Pictures are not part of the answer. Return the lines from the one containing "Asheville, North Carolina, USA" through the end of the data, both included, exactly as they appear.
[Source material — start]
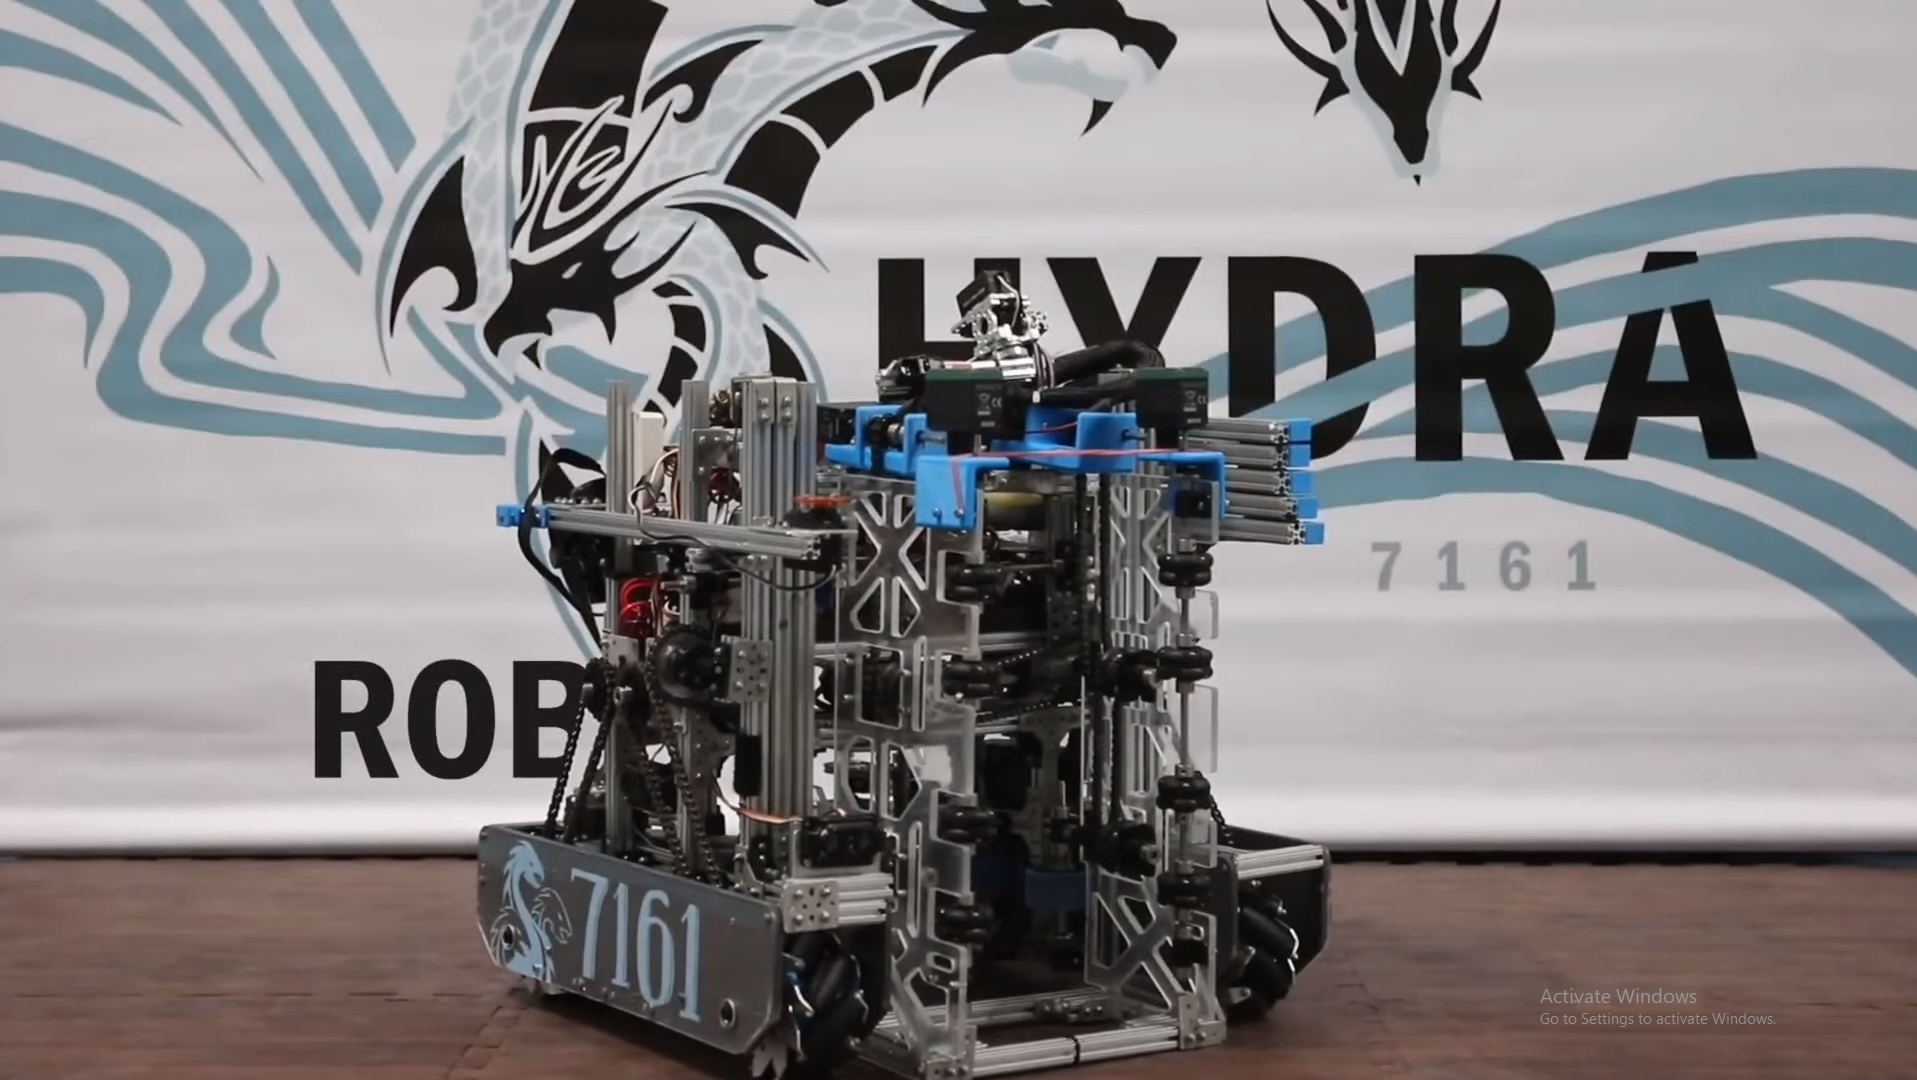 7161 ViperBots Hydra's Relic Recovery robot
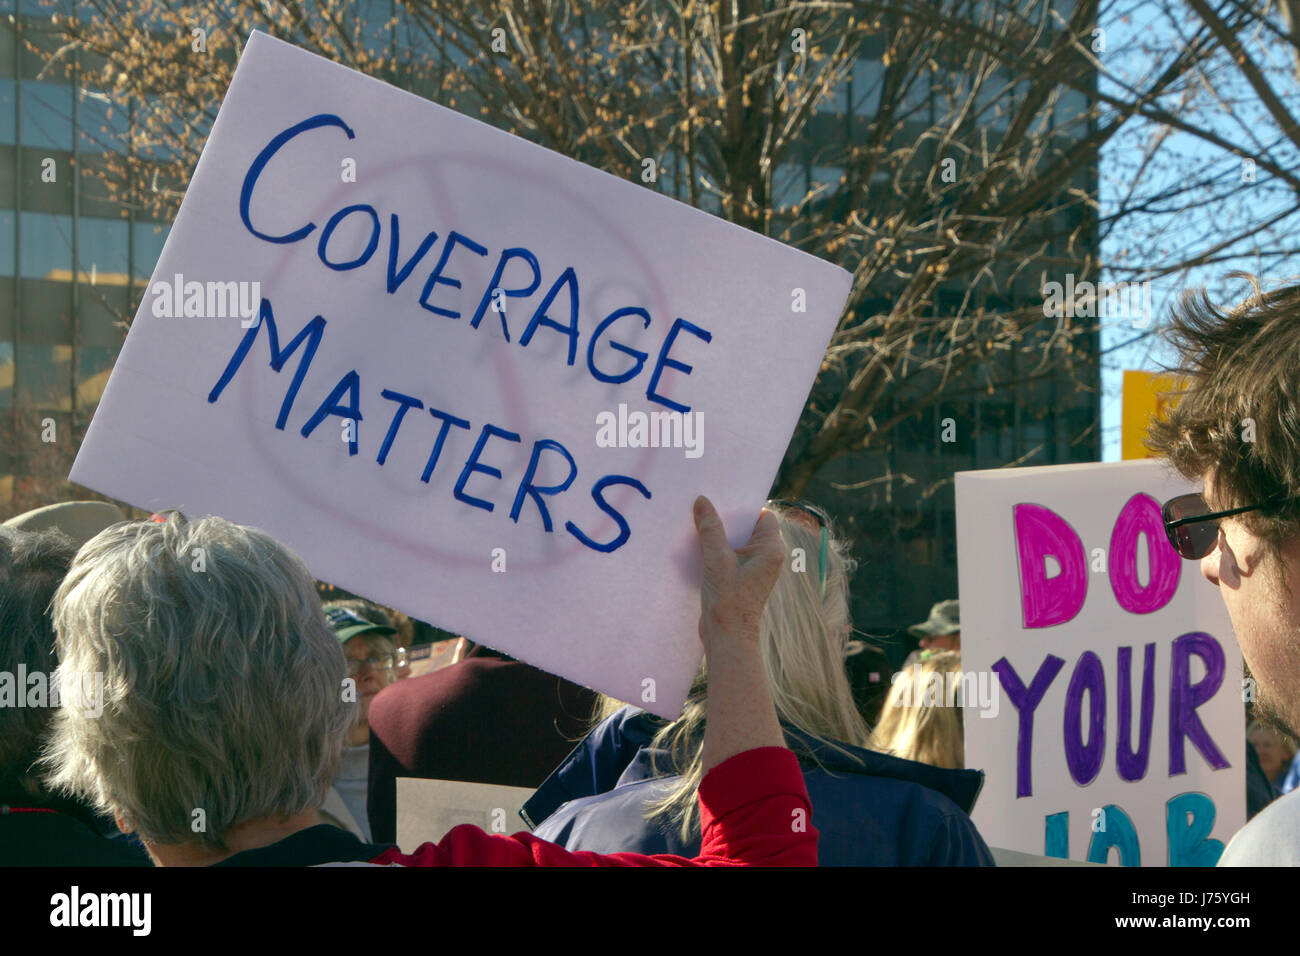 Asheville, North Carolina, USA - February 25, 2017:  Protesters hold signs at an Affordable Care Act rally saying that coverage matters as Republicans Stock Photo
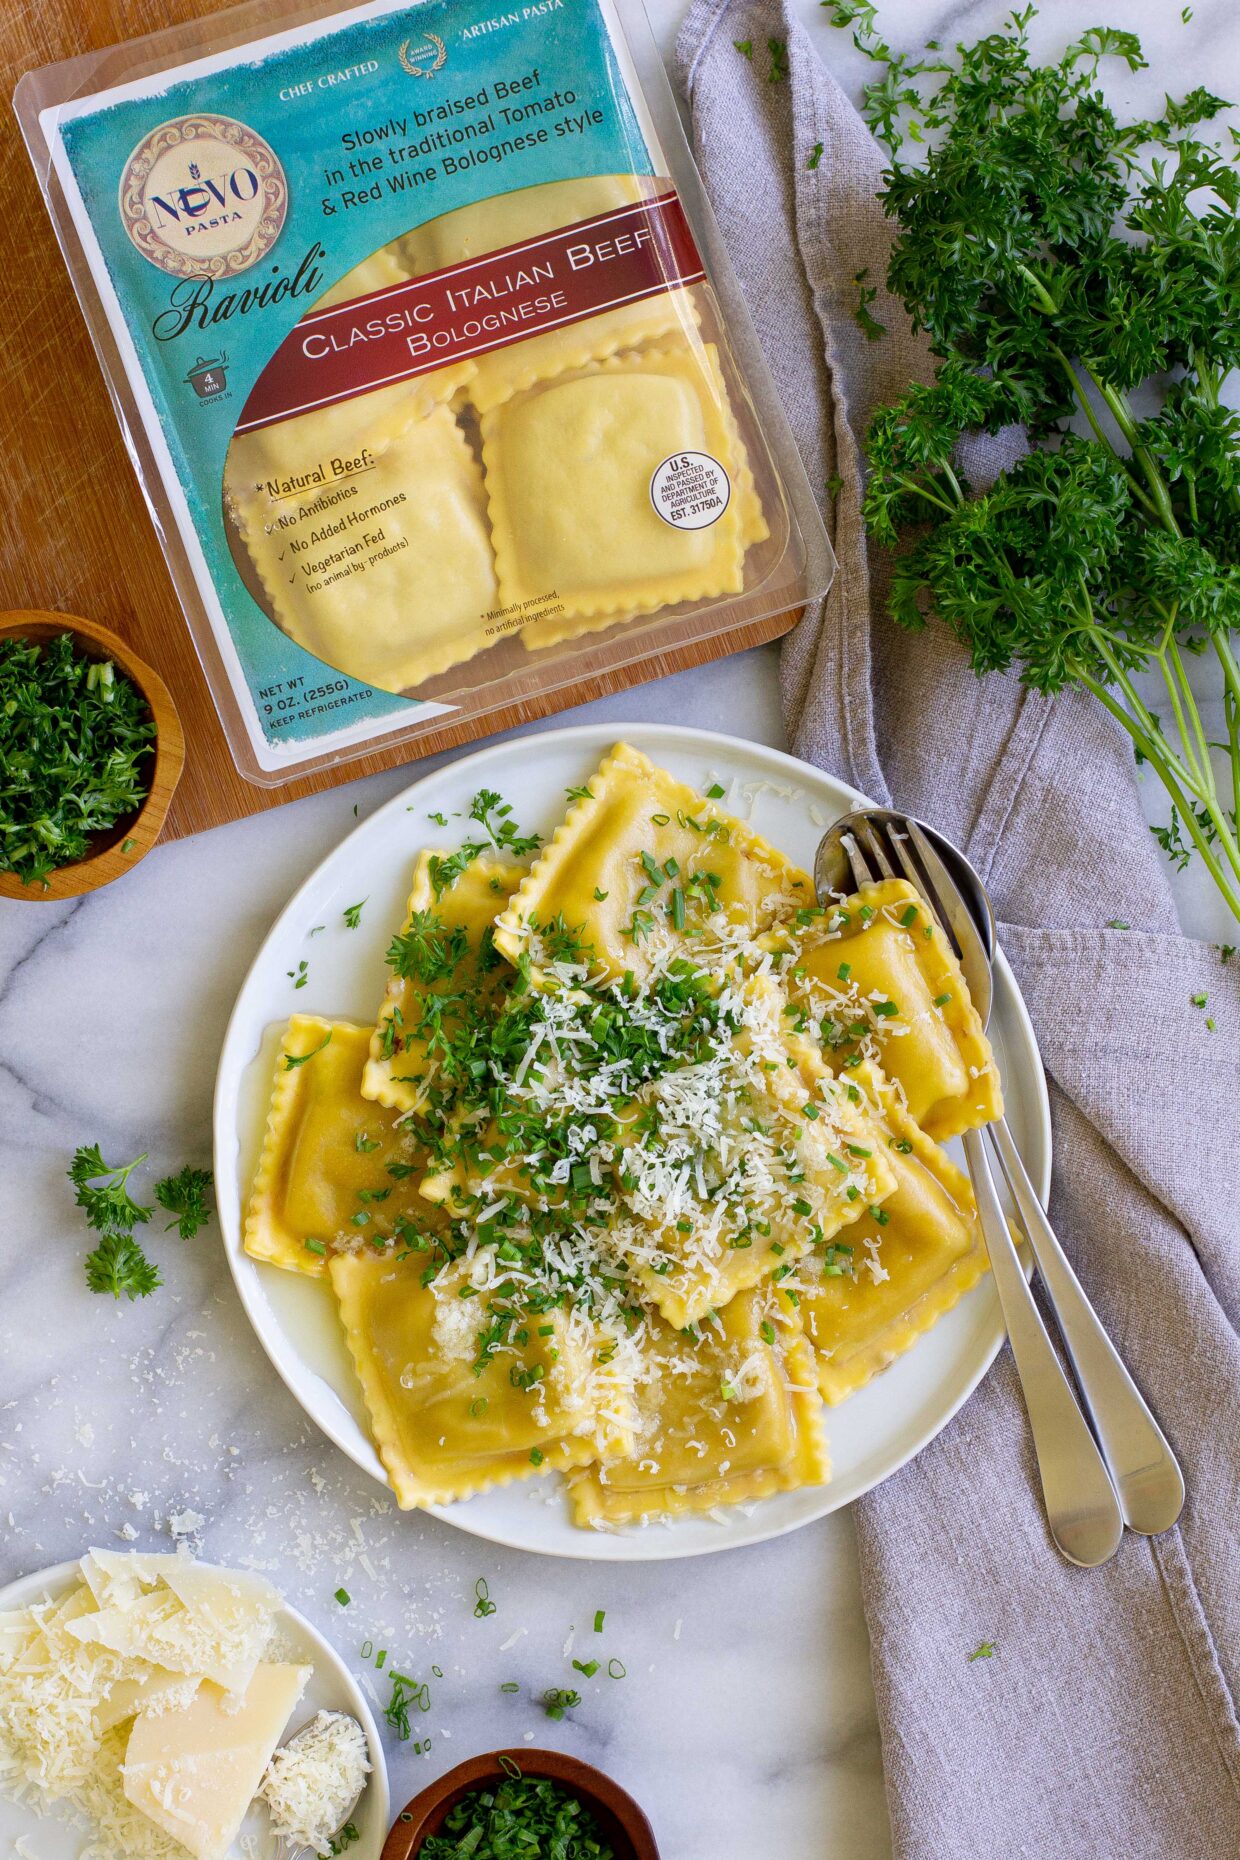 Classic Italian Beef Bolognese Ravioli with Butter, Fresh Herbs and Parmigiano Reggiano
[Source material — finish]
### [Response below]
 Asheville, North Carolina, USA - February 25, 2017:  Protesters hold signs at an Affordable Care Act rally saying that coverage matters as Republicans Stock Photo
 Classic Italian Beef Bolognese Ravioli with Butter, Fresh Herbs and Parmigiano Reggiano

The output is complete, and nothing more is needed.